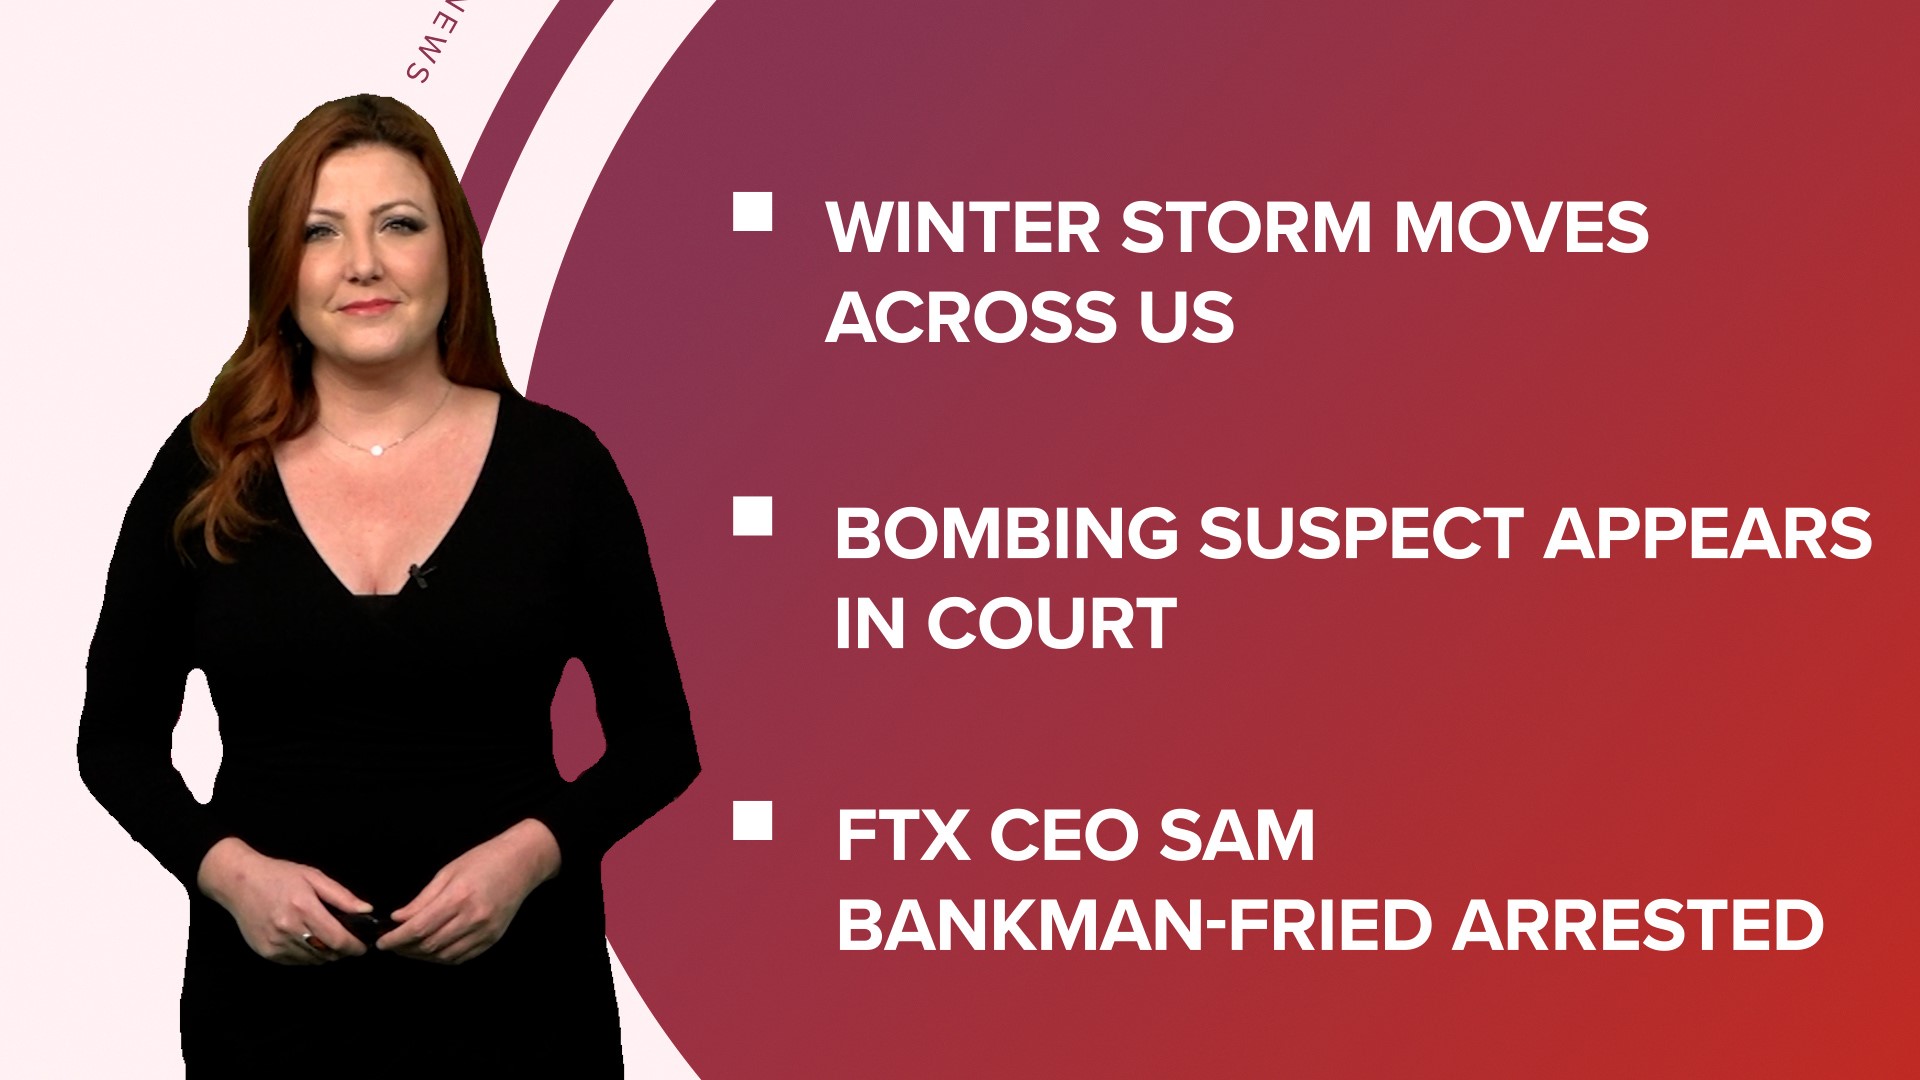 A look at what is happening in the news from the massive winter storm moving across the country to FTX CEO arrested and bombing suspect in court.
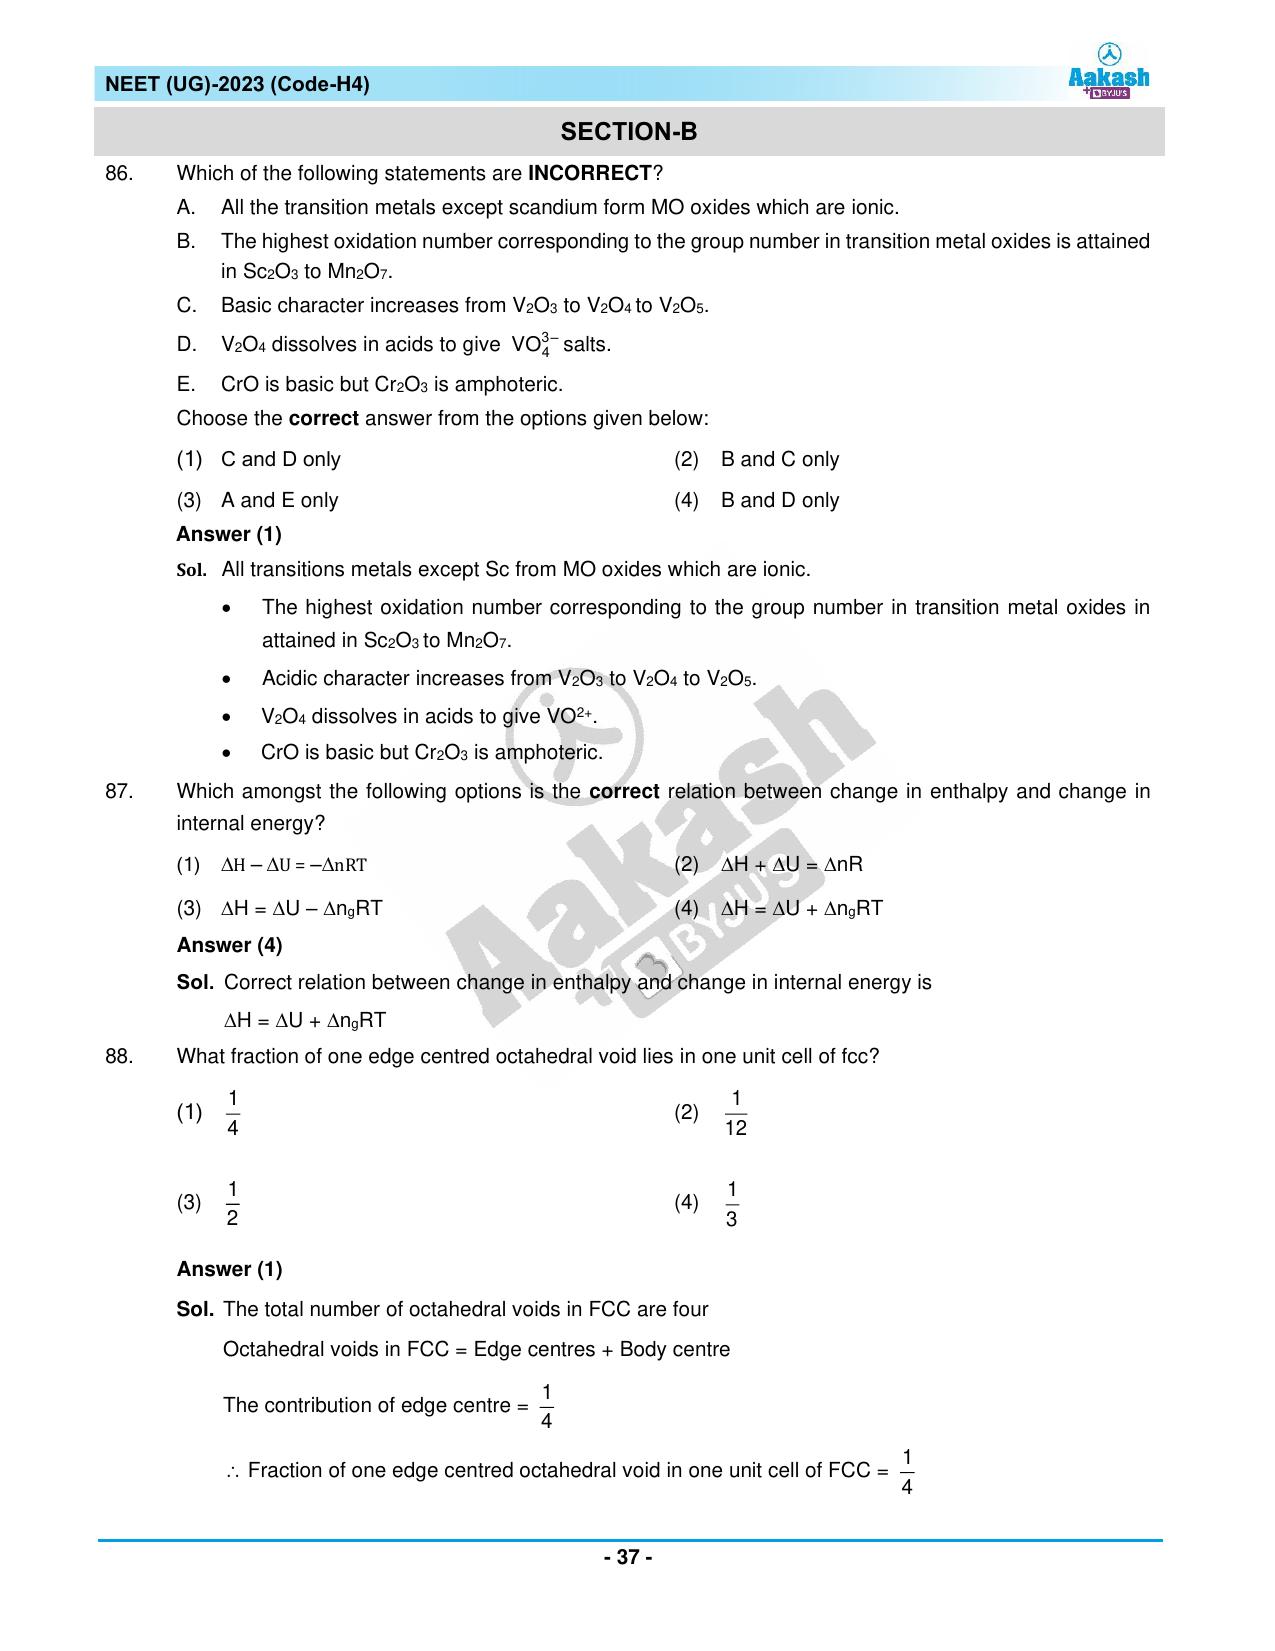 NEET 2023 Question Paper H4 - Page 37
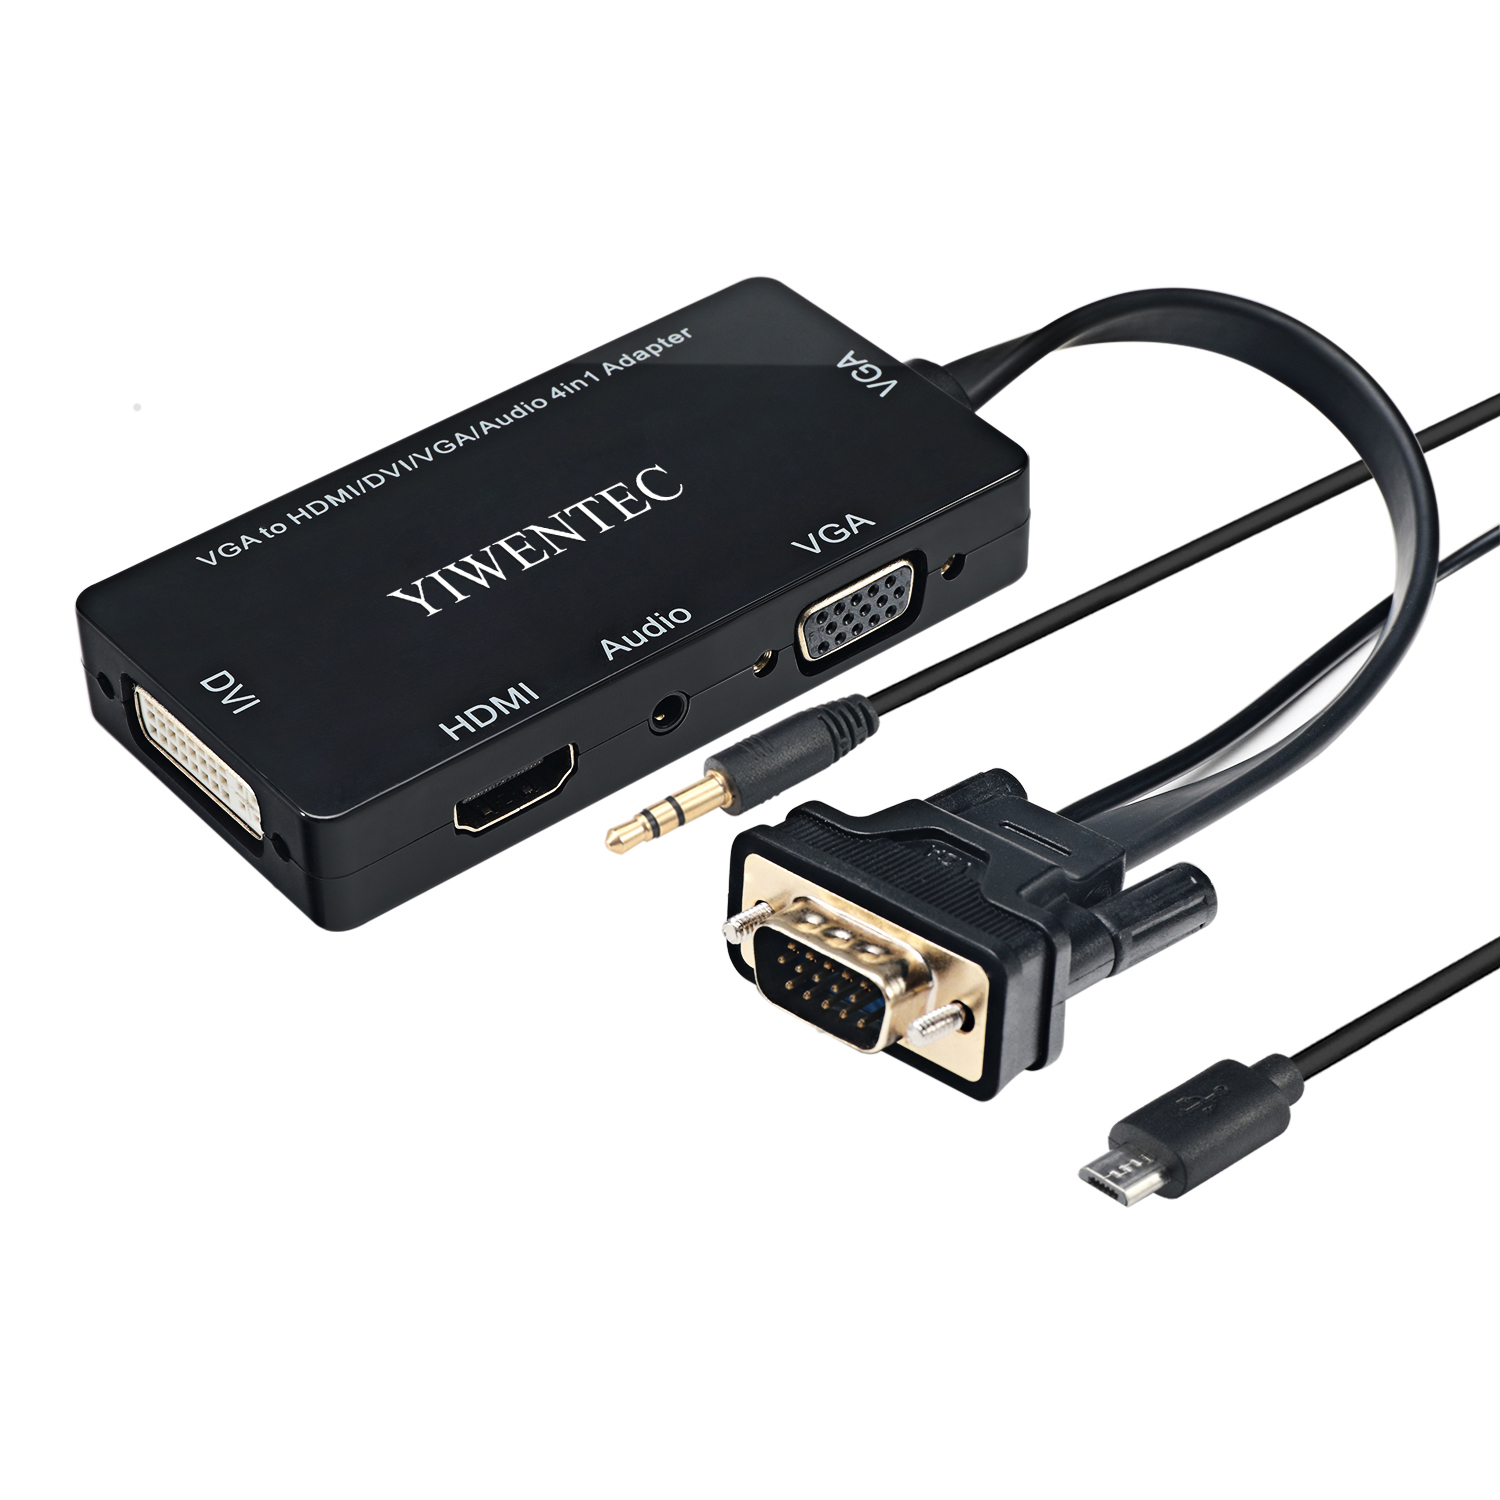 YIWENTEC VGA Male to VGA HDMI DVI Female 3IN1 Adapter Converter for Desktop Laptop VGA Graphics Card with Micro USB Power and Audio 3.5mm Jack Connect simultaneously E0409-HDMI To VGA
————
Your task =>
Give back the whole listing exactly as written. Do not include any picture.

Solution =>
 A look at what is happening in the news from the massive winter storm moving across the country to FTX CEO arrested and bombing suspect in court.
 NEET 2023 Question Paper H4 - Page 37
 YIWENTEC VGA Male to VGA HDMI DVI Female 3IN1 Adapter Converter for Desktop Laptop VGA Graphics Card with Micro USB Power and Audio 3.5mm Jack Connect simultaneously E0409-HDMI To VGA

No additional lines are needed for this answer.